The US & UK government reports into Huawei and ZTE are particularly damning, but overall, doesn’t go into specific things Huawei has done. The US government in particular relies on a lack of co-operation from Huawei to prove that their suspicions are true, rather than putting forward events that they have proof of Huawei’s involvement in.

It is naive to think that Huawei isn’t involved with state sponsored surveillance of the west.

If Cisco is involved with the NSA to spy on American allies, surely, the Chinese government is doing the same with Huawei? Maybe China needs an Edward Snowden to bring to light what really goes on within the complex relationship between Huawei and the Chinese authorities.

Western governments have been unwilling to release any evidence relating to hacking directly enabled by Huawei equipment, and private enterprise has no intention to stop purchasing Huawei gear, so this puts Huawei, and the public, in a weird situation. If Huawei equipment is good enough for say, Vodafone and Optus, who handle a large chunk of Australia’s communications infrastructure already, why isn’t it good enough for government projects?
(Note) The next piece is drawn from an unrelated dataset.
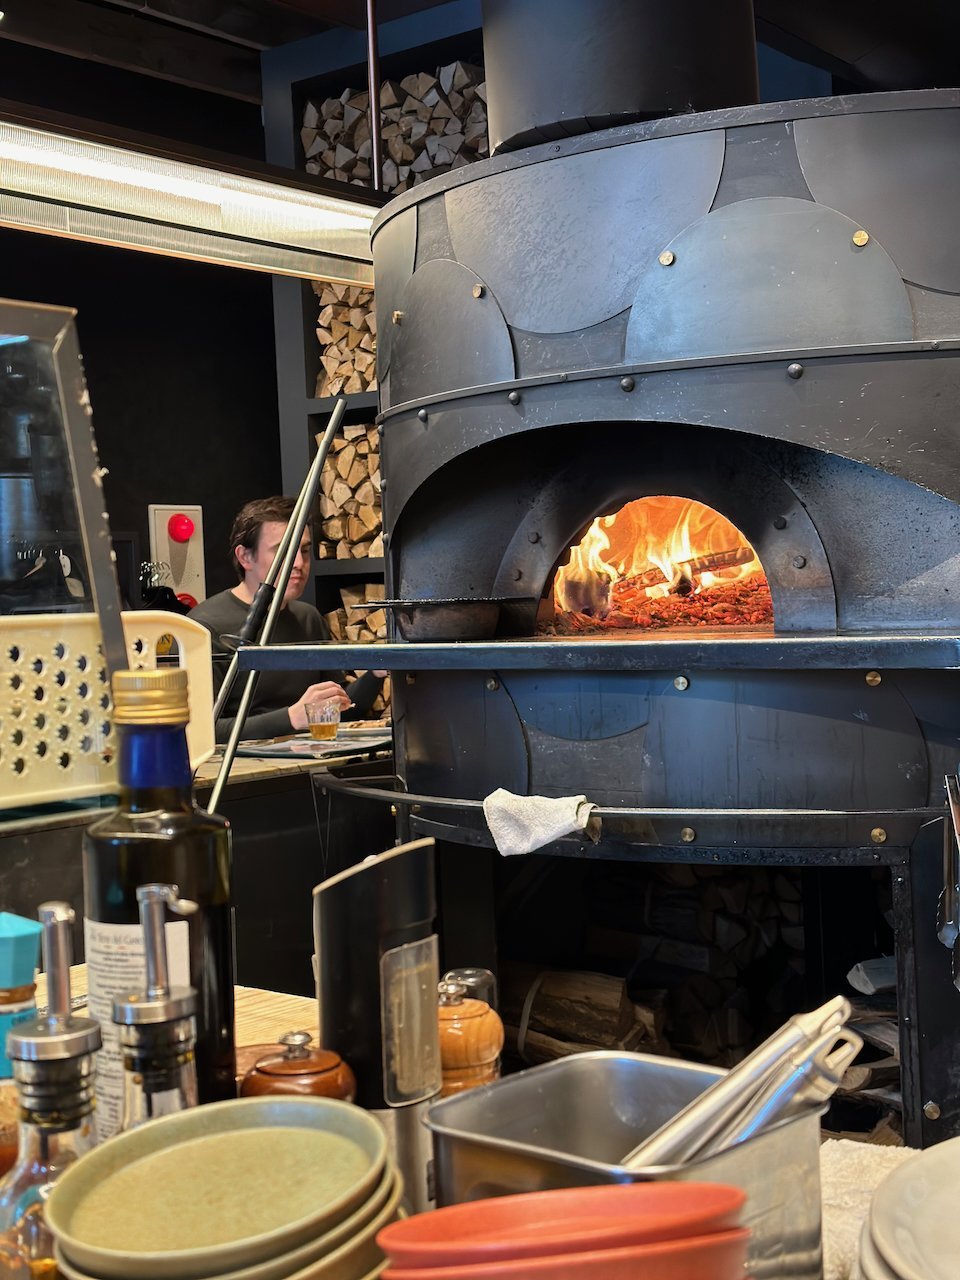 The wood-fired oven can be seen at the counter

And if isn’t good enough for government projects, should we be concerned that businesses which handle our sensitive data such as TPG, Primus, Vodafone, Optus and others do use Huawei equipment?

To Huawei’s credit, they deal with any roadblocks put towards them and ultimately, the decision to use Huawei equipment in our telecommunications infrastructure should boil down to a weighted decision between price, support and technical superiority. In Huawei’s case, it has the issue of nationality to contend with – a fact it’s competitors (besides ZTE…) don’t.

The history of Huawei’s involvement in organised Chinese government hacking is extremely grey. There’s a distinct lack of facts, from both Huawei and governments. The only thing we can be sure of in this ongoing debate, is that it’s not going to get blacker or whiter, anytime soon.